I was at the old-age home (sorry, "retirement community") last week -- a place that gives me the creeps even though many of my friends and former colleagues seem to live there happily. (I'm on the waiting list but I hope that I'll never be constrained to move in.) I was there to share lunch with a 90-year-old friend. At the next table over (in the rather luxurious dining room) was a woman whom I knew slightly fifty years ago -- as a neighbor and as the mother of a Flatirons Elementary School tudent. She's 89, a widow, and still healthy, still attractive.
She (let's call her Ms. GK) initiated the conversation with this question. "Is your wife still alive?"
It wasn't the inquiry itself that took me aback. It was the casual way in which it was asked, with no more emotional resonance than, say, "do you want raisins in your cereal?" or, "is it raining outside?"
Which made me realize that Ms.

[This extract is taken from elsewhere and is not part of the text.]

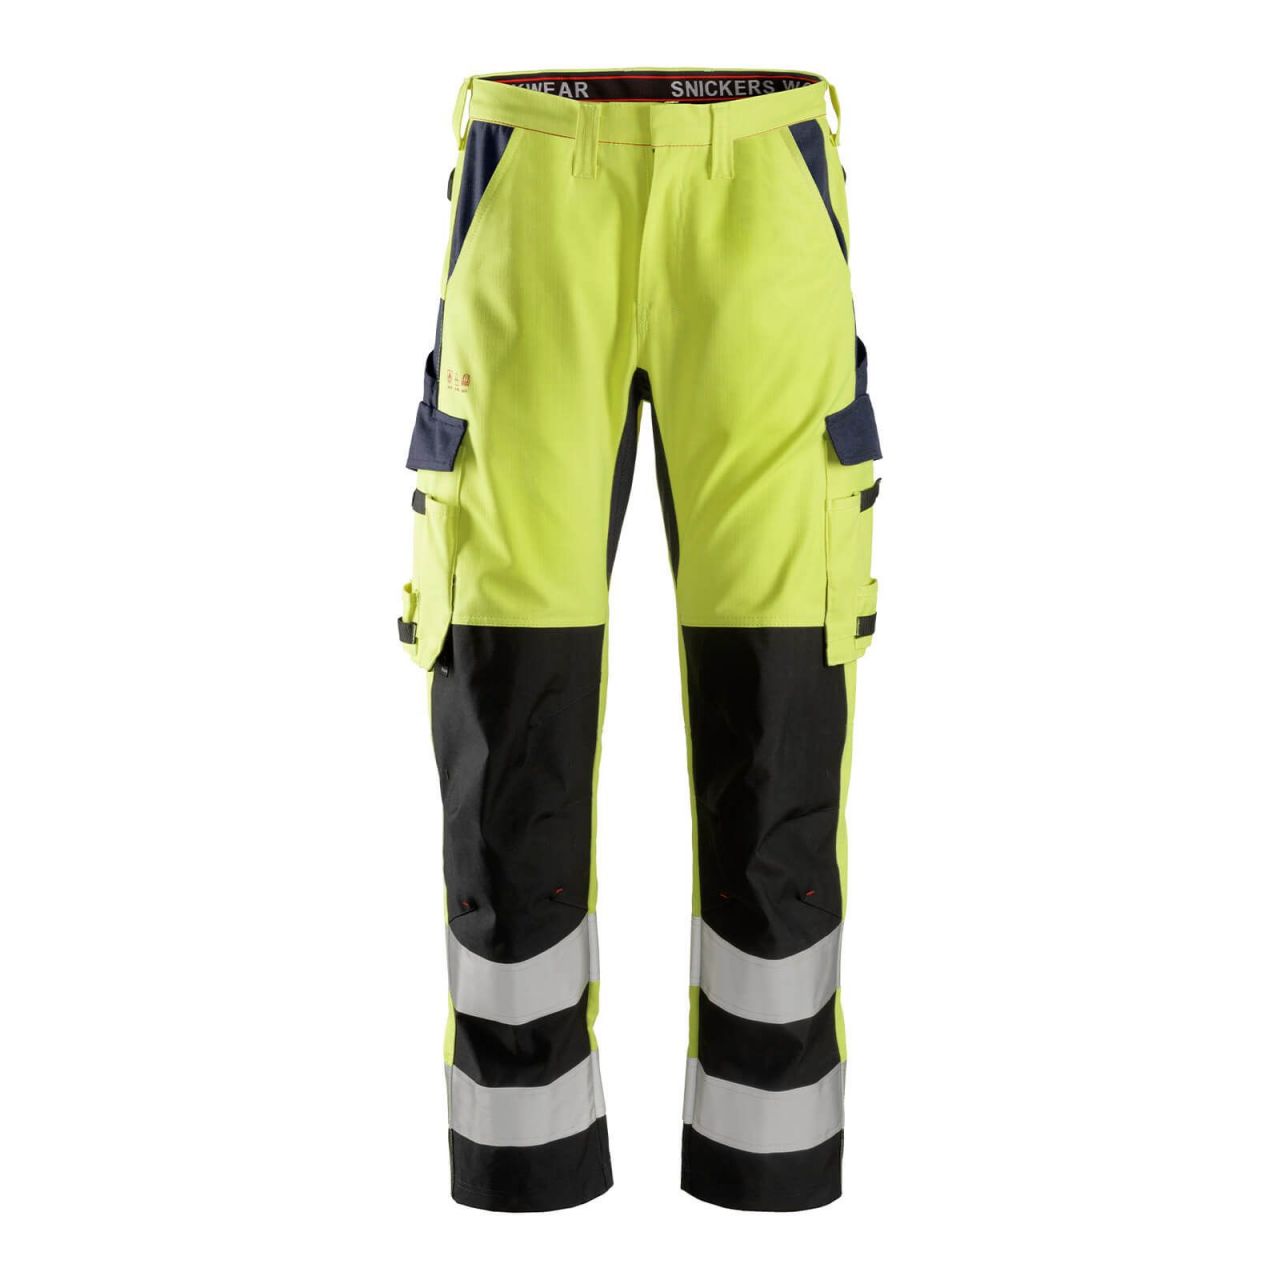 6364 Pantalones largos de trabajo de alta visibilidad clase 2 con espinilla reforzada ProtecWork amarillo-azul marino talla 56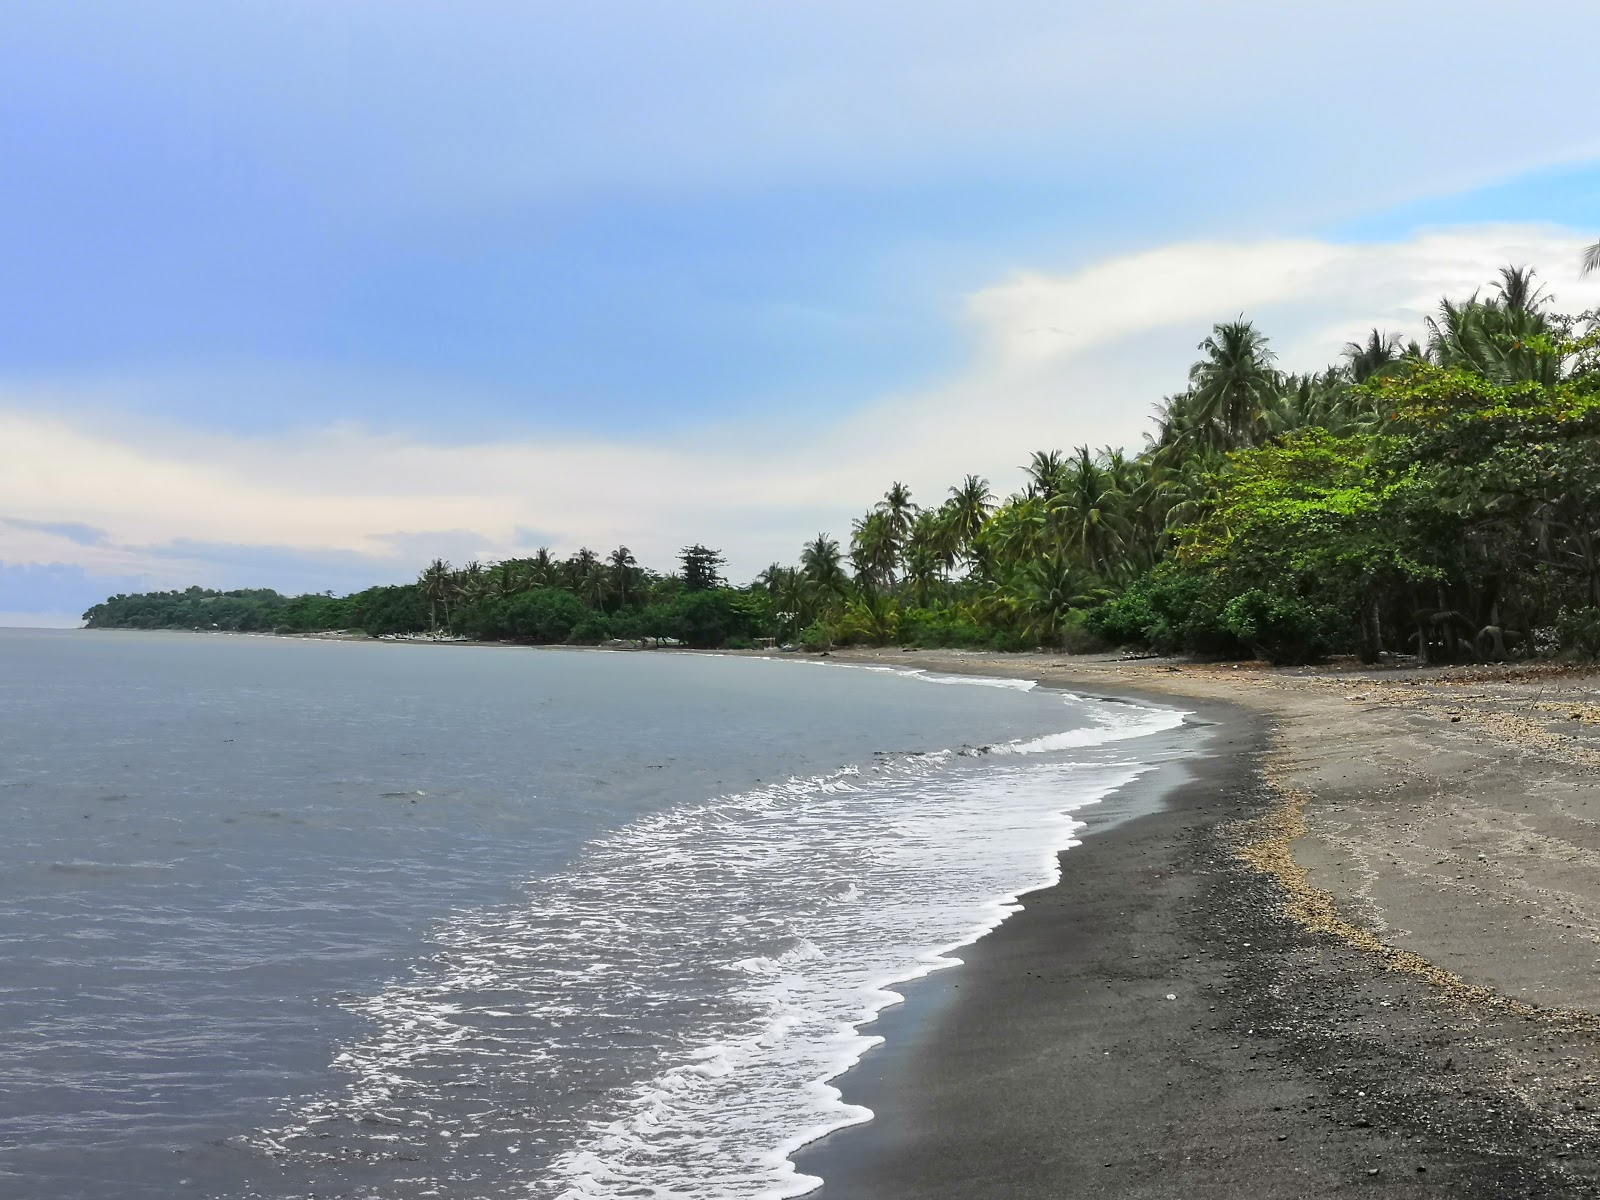 Fotografie cu Montong Pal Beach cu o suprafață de nisip maro

GK -- and all her fellow denizens of the facility -- live in a world of "sole-survivors" where the deaths of spouses "were as plentie as Blackberries." Therefore, there is nothing noteworthy or remarkable for her to inquire about the status of a long time companion, especially when more than half of husbands and wives have already kicked the old bucket.
Nevertheless, the lack of emotion, the cold bloodedness, the absence of euphemism, of Ms. GK's question produced in me a "take stock" moment. Whether we are in or out of the institution, we are in the same ninth-decade world.
But I do hope that I myself do not become quite so matter-of-fact about the death of friends and family.